Sequence similarity of 16S rDNA, whole genome, and mutation detection

The 16S rRNA gene is the most commonly used marker in bacterial taxonomy analysis. BLAST alignment (Fig. 2A) showed that 16S rDNA predicted from paired genomes possessed similar sequences, with 72 paired sequence identity being higher than 99%. There was no difference in the length of the 16S rDNA sequences of 76 paired genome assemblies (Fig. 2A).

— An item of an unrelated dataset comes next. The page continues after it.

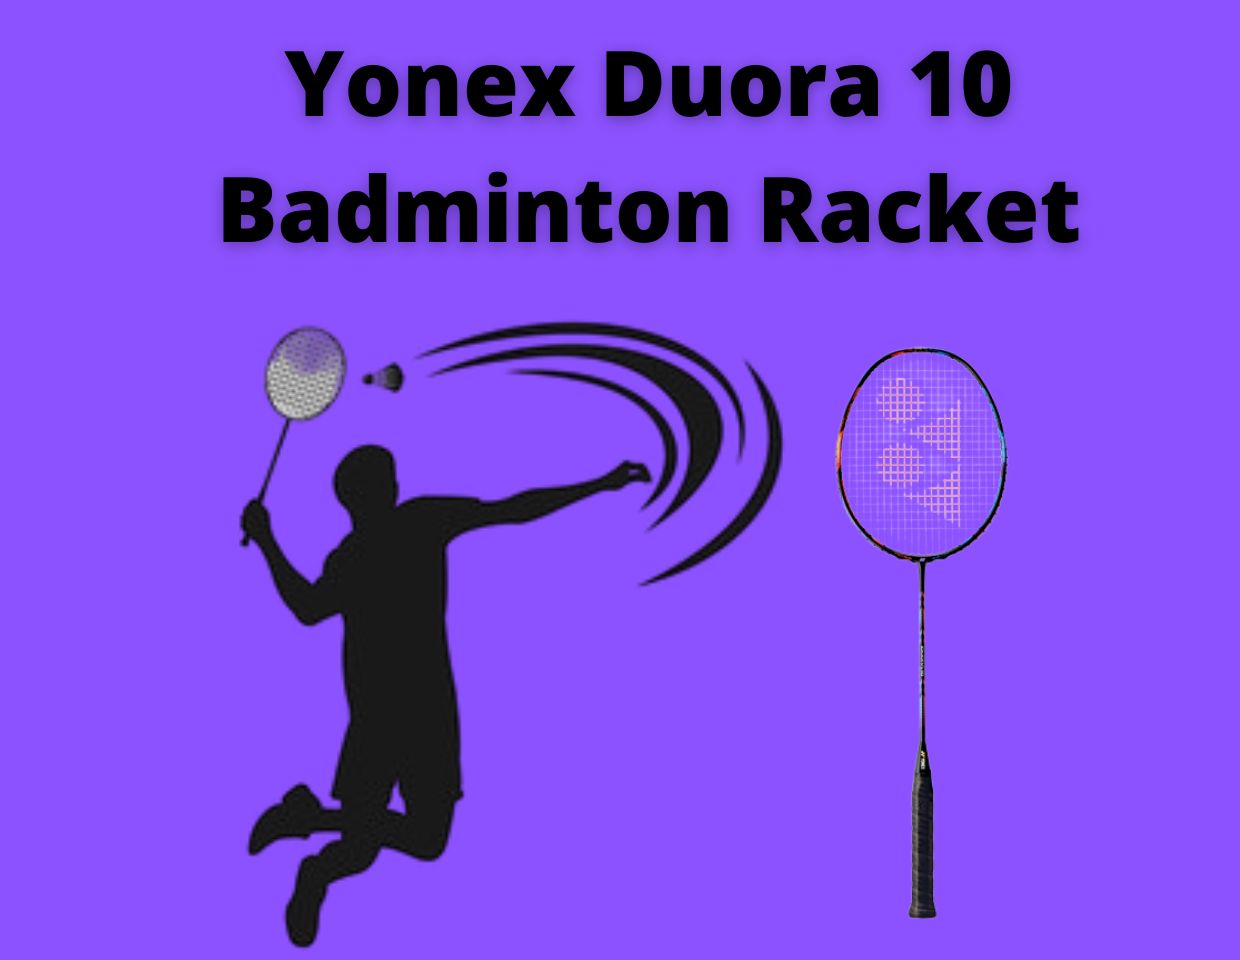 Yonex-Duora-10-Badminton-Racket
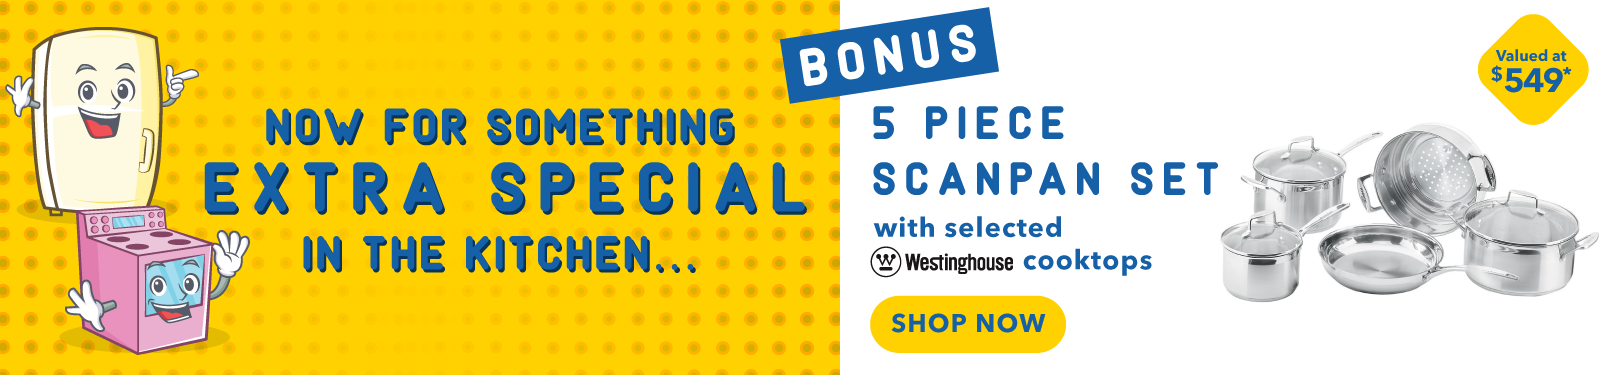 Electrolux and Westinghouse Kitchen Bonus Sale - Bonus 5 Piece Scanpan Set

AAI (average amino acid identity), ANI (average nucleotide identity), Tetra (Tetra-nucleotide signature) correlation²², and Mash distance have often been used in establishing clusters of species at the genome level. These genome dissimilarity parameters were calculated to compare the differences between the pairwise genome assemblies from the two platforms. All pairwise ANIs and (1 − MASH)*100 were higher than 99.9, AAIs were higher than 99.935, and Tetras were above 99.975 (Fig. 2B). ANI > 95%, Tetra > 0.99, AAI > 95%, and MASH < 0.05 were used to evaluate whether two genomes should be considered as members of the same genomic species. The comparisons supported that the pairwise genomes from the two platforms were extremely close and did not differ significantly.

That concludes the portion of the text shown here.